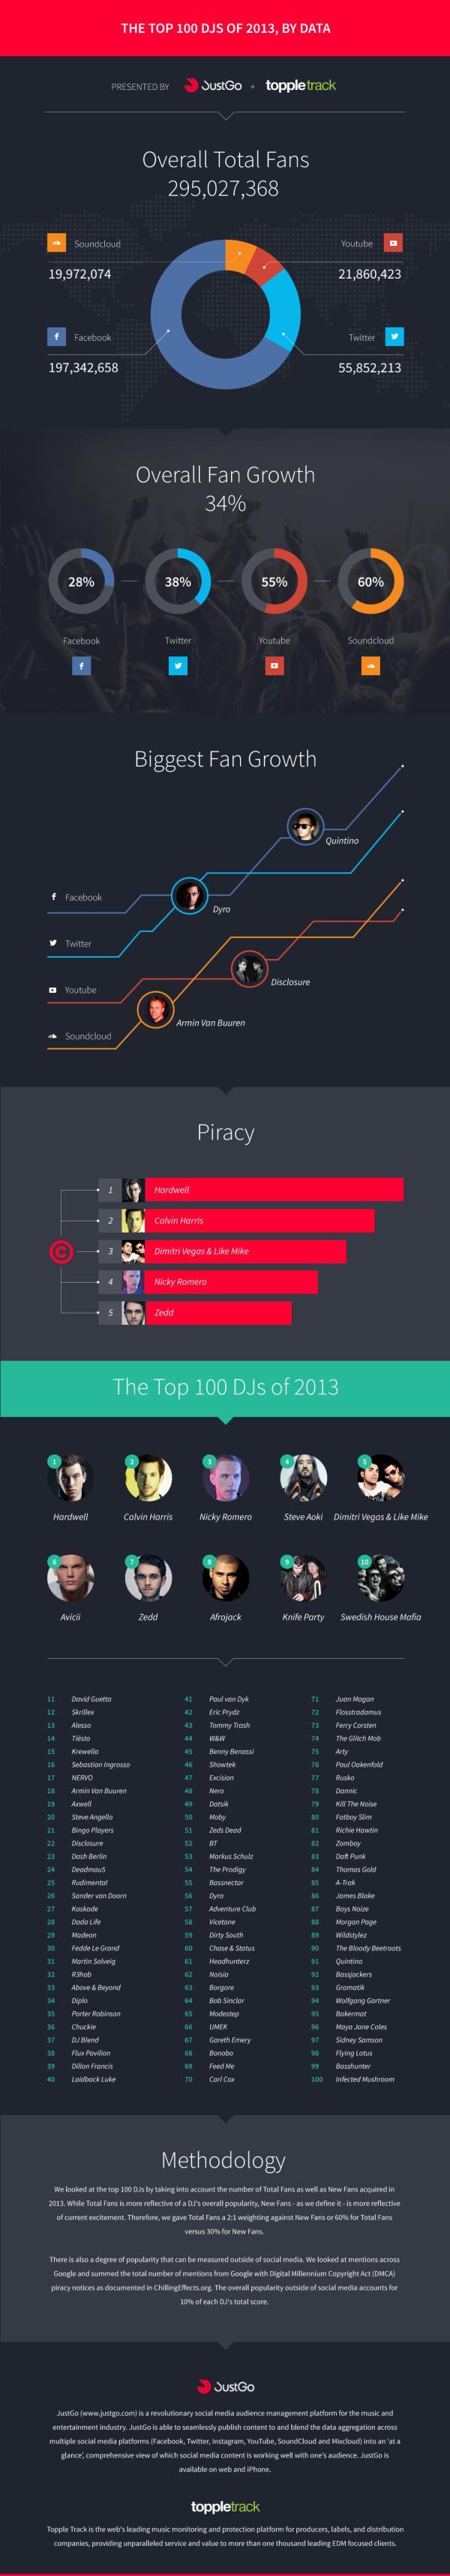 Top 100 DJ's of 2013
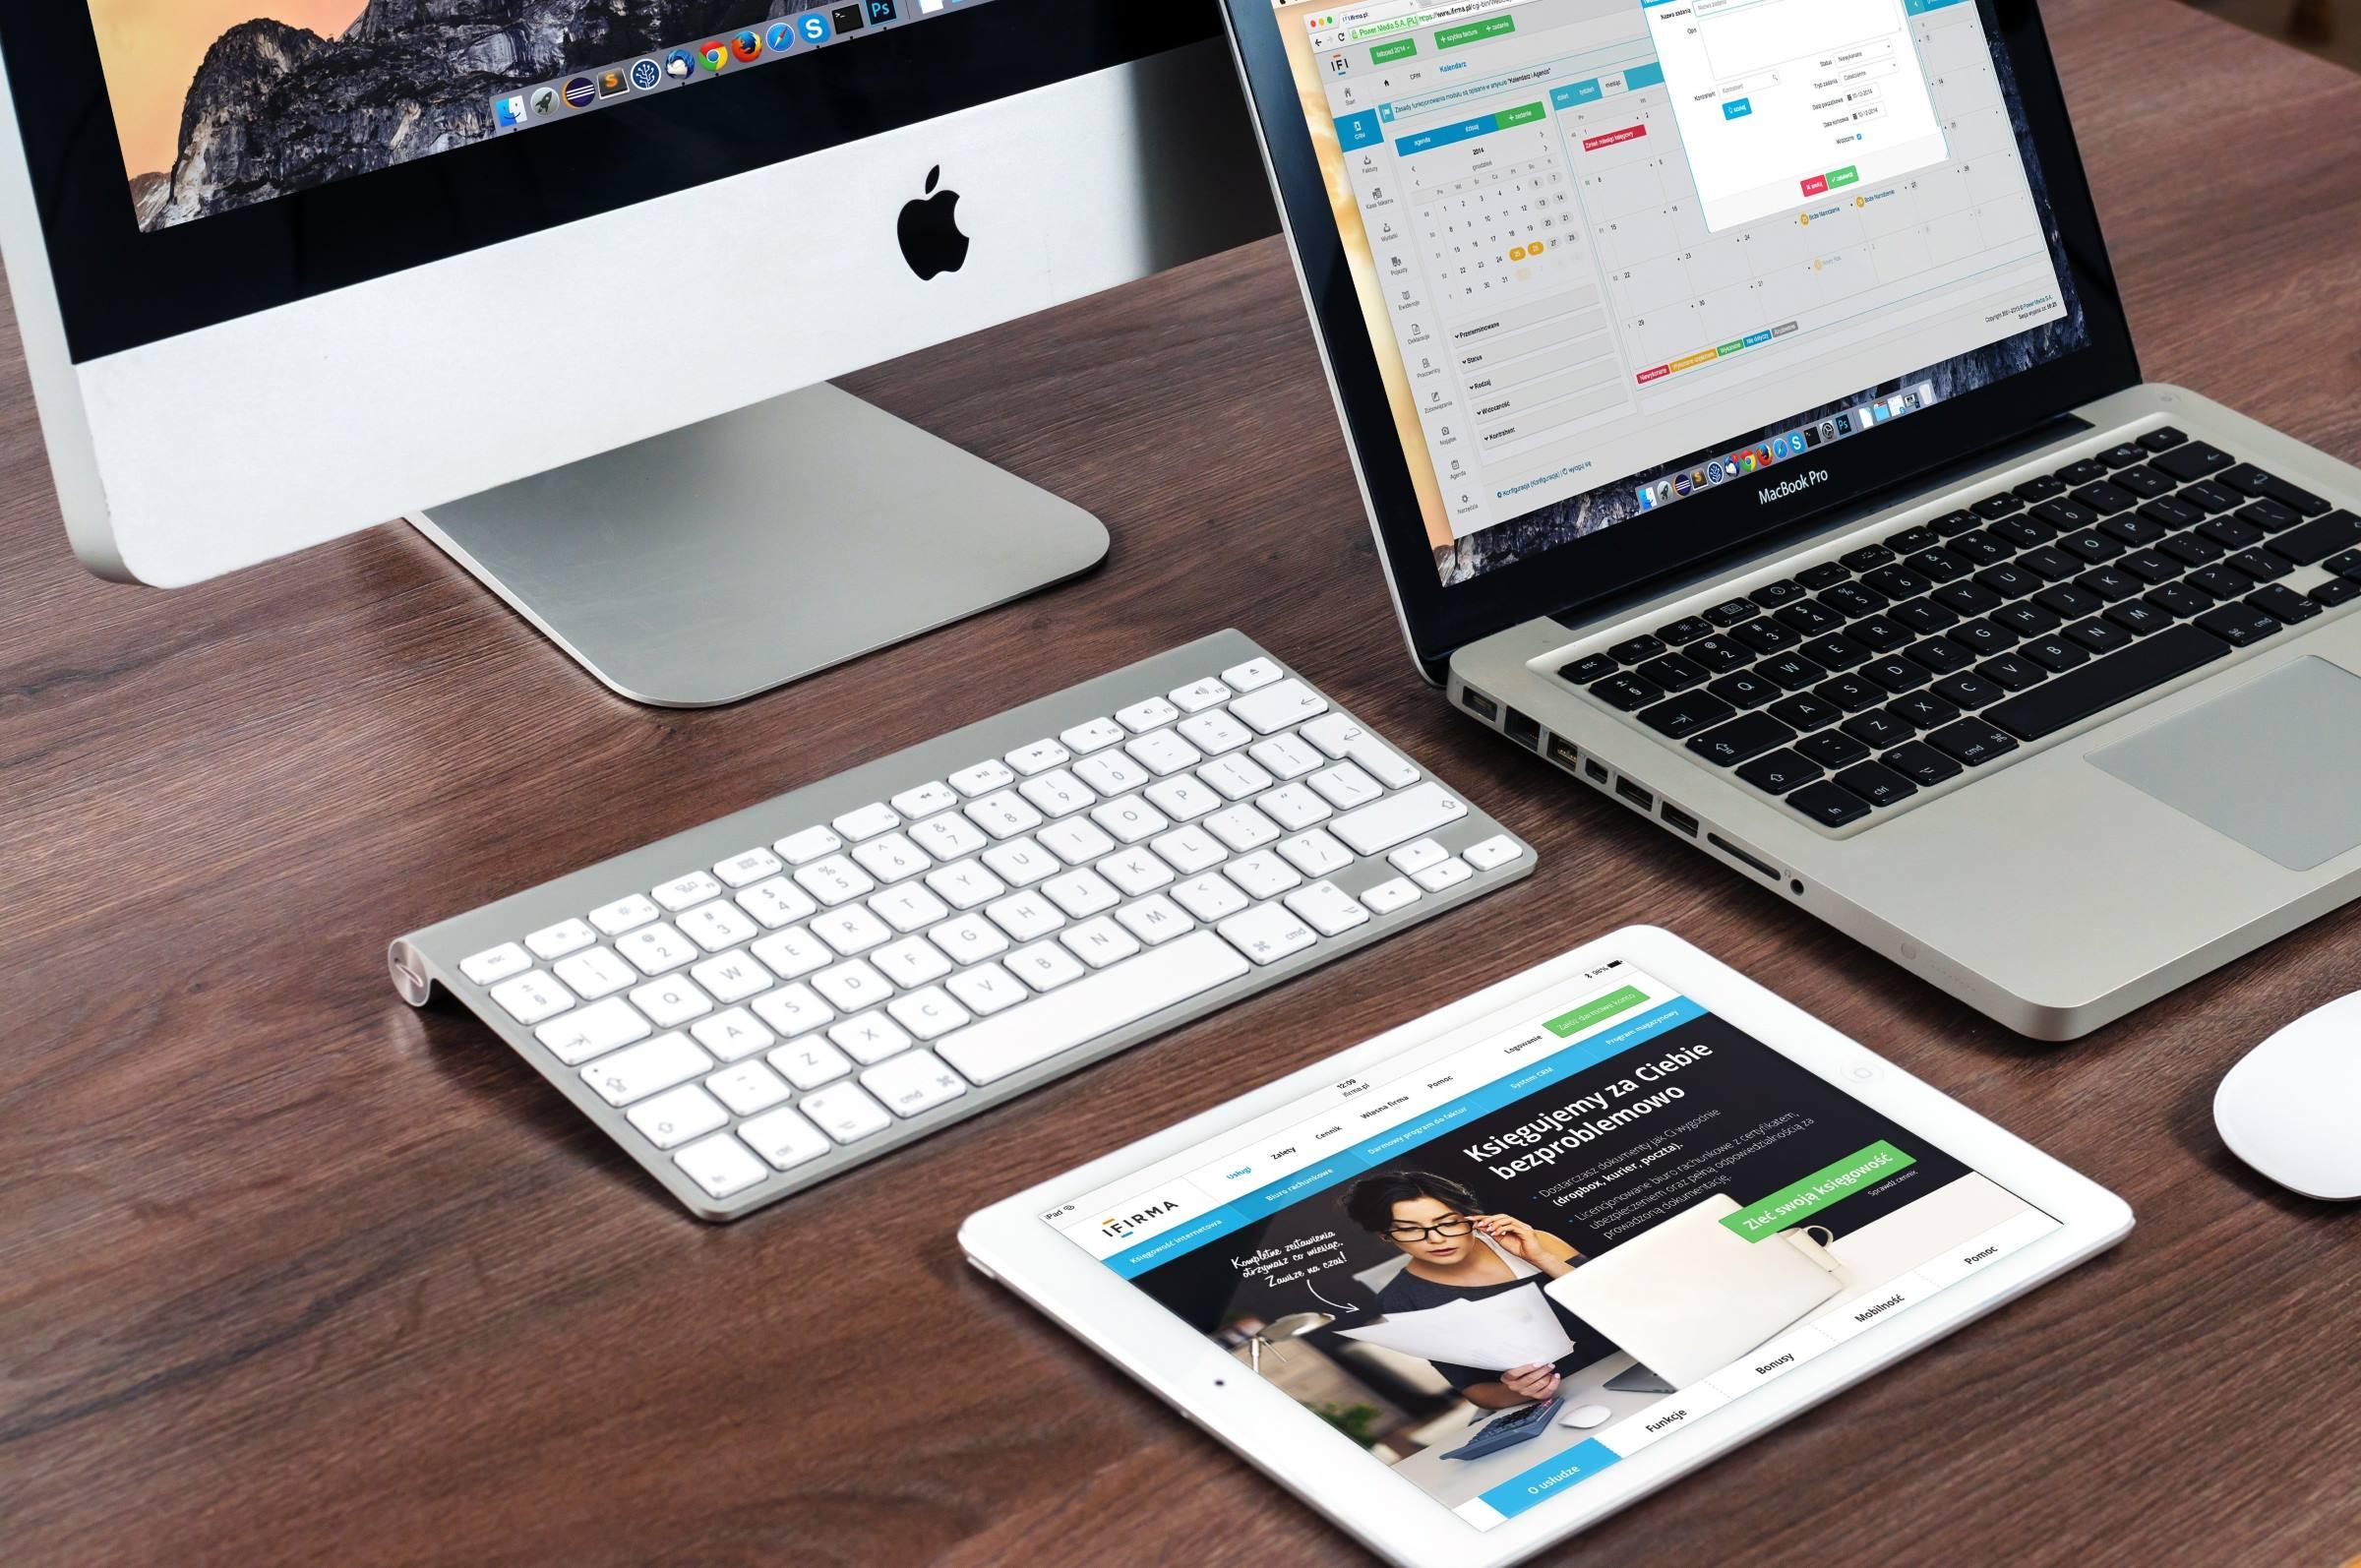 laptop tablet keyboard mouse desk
--
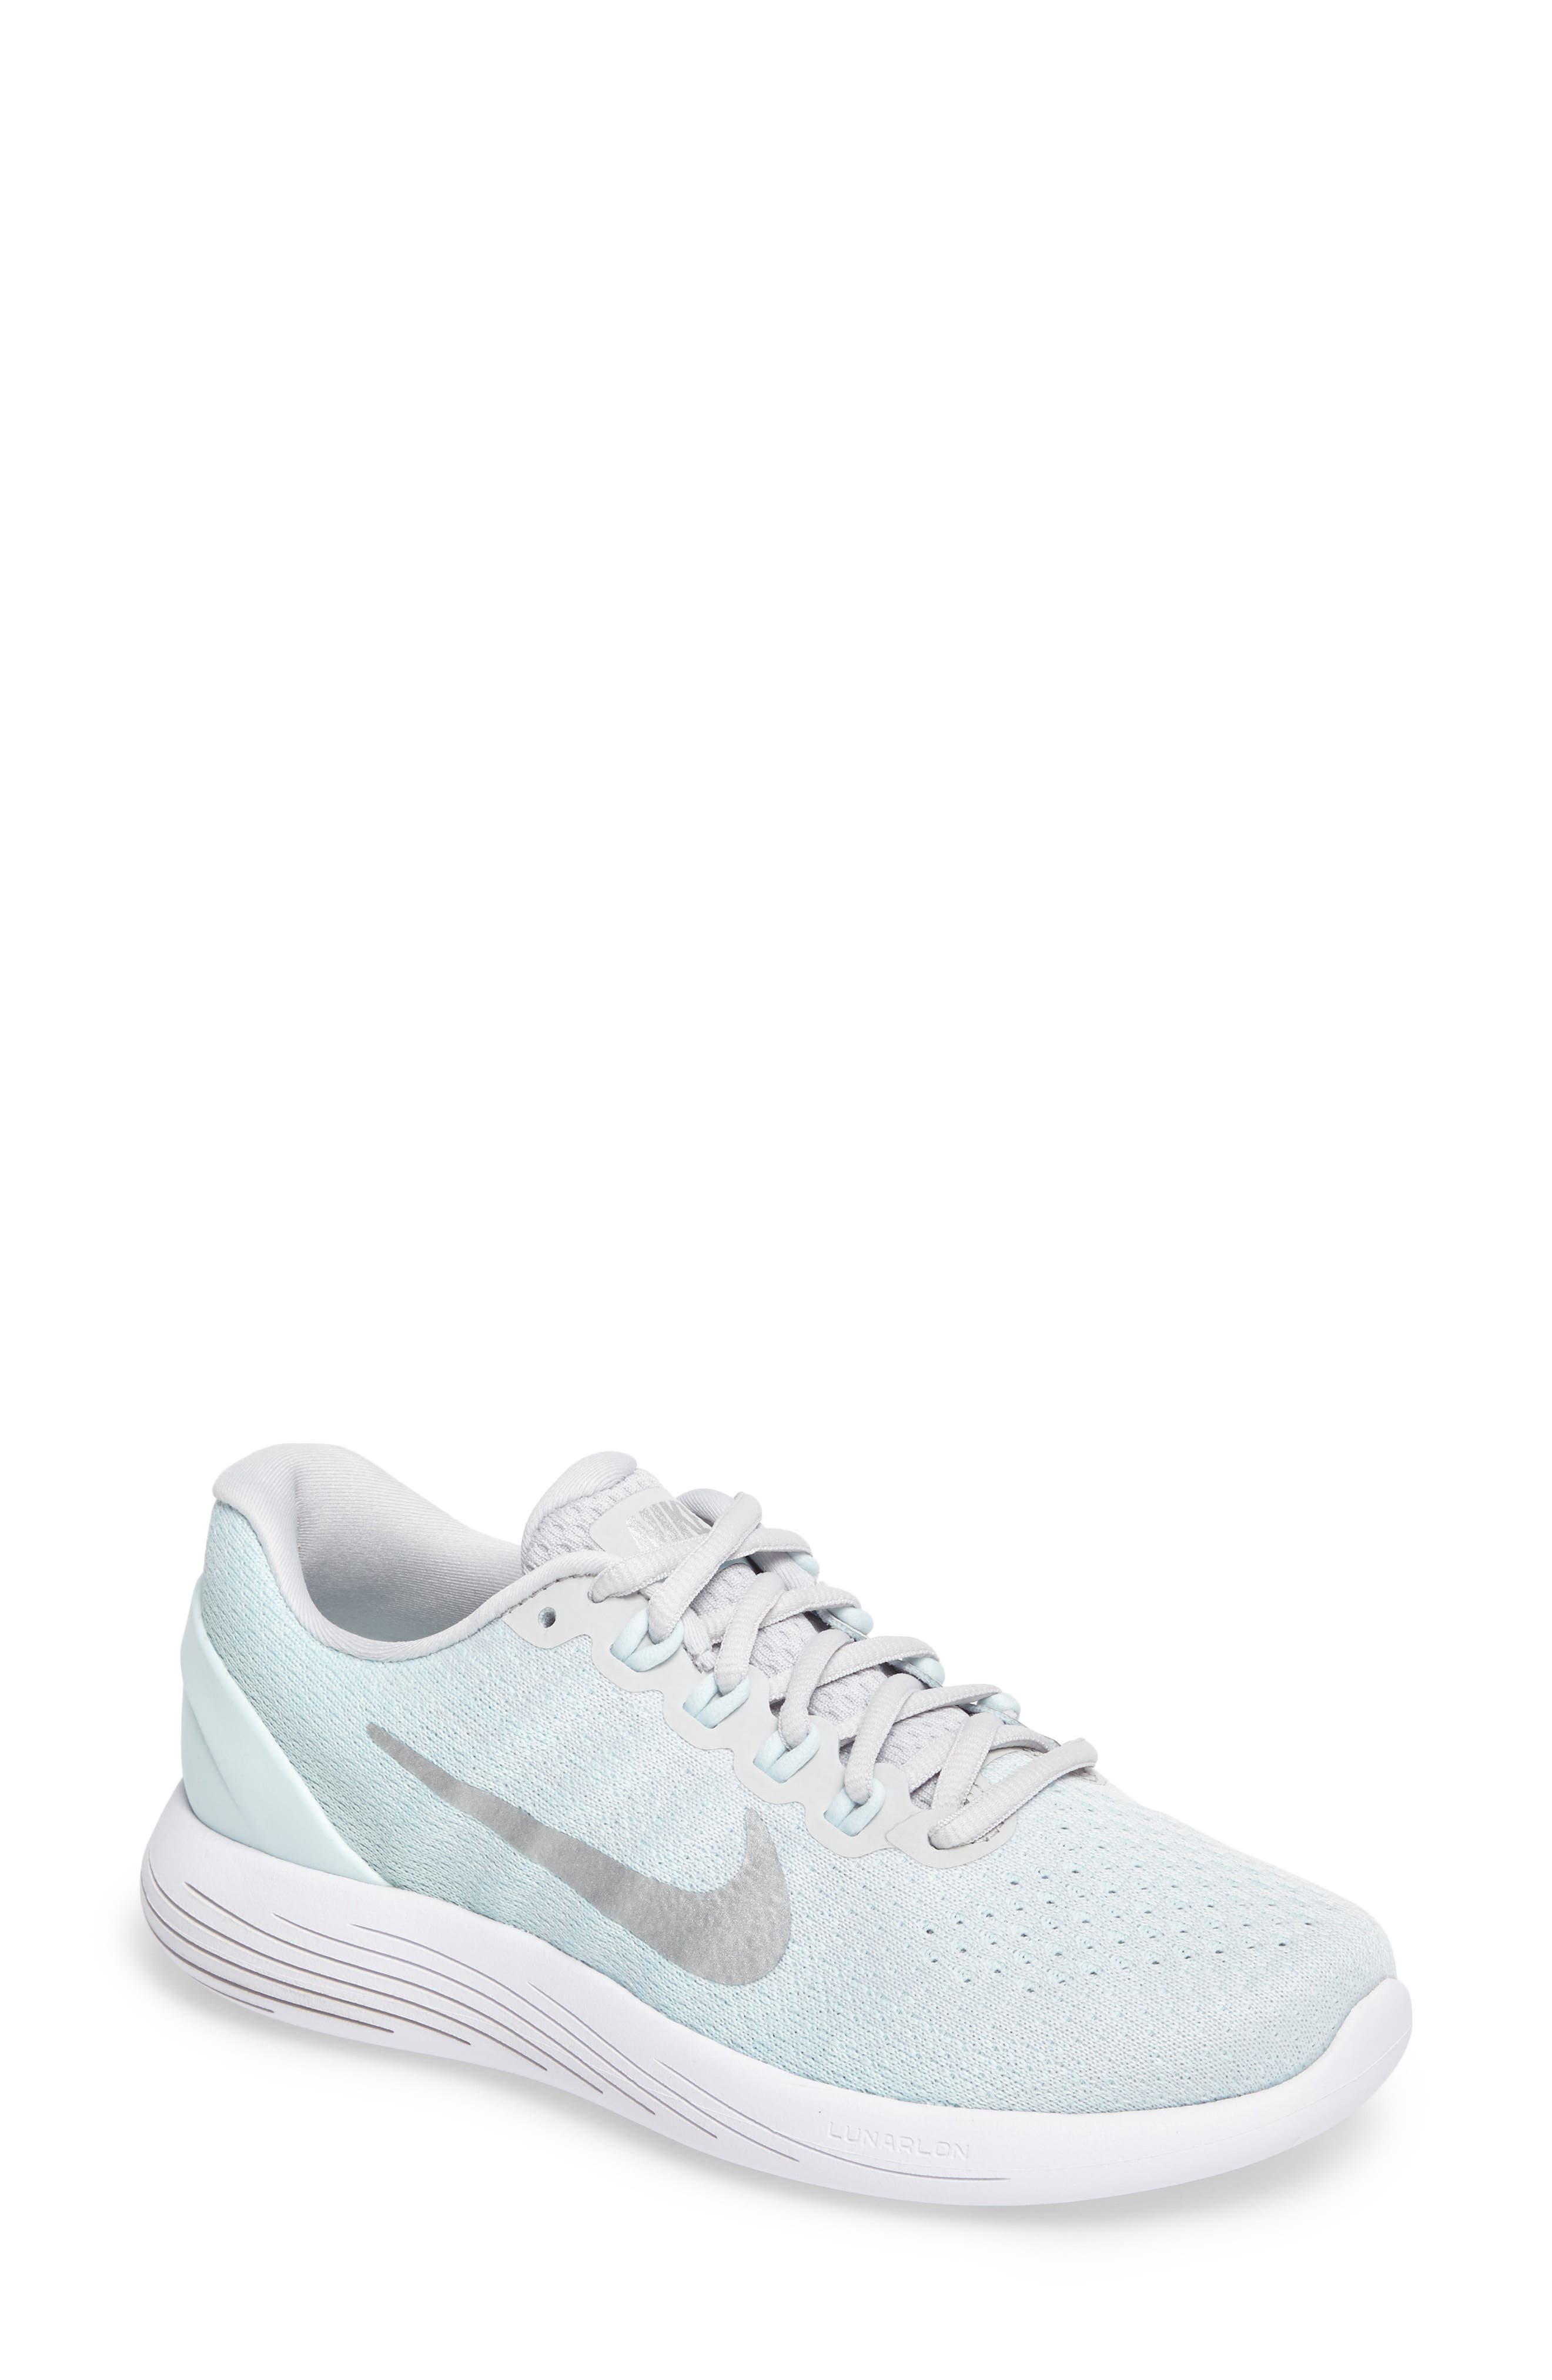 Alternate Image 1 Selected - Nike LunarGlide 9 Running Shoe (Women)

● Aim of the exercise
Above, find the line holding "Top 100 DJ's of 2013" and the line holding "laptop tablet keyboard mouse desk". Print exactly those two lines and every line between them, but no pictures.

● Response to this task
 Top 100 DJ's of 2013
 laptop tablet keyboard mouse desk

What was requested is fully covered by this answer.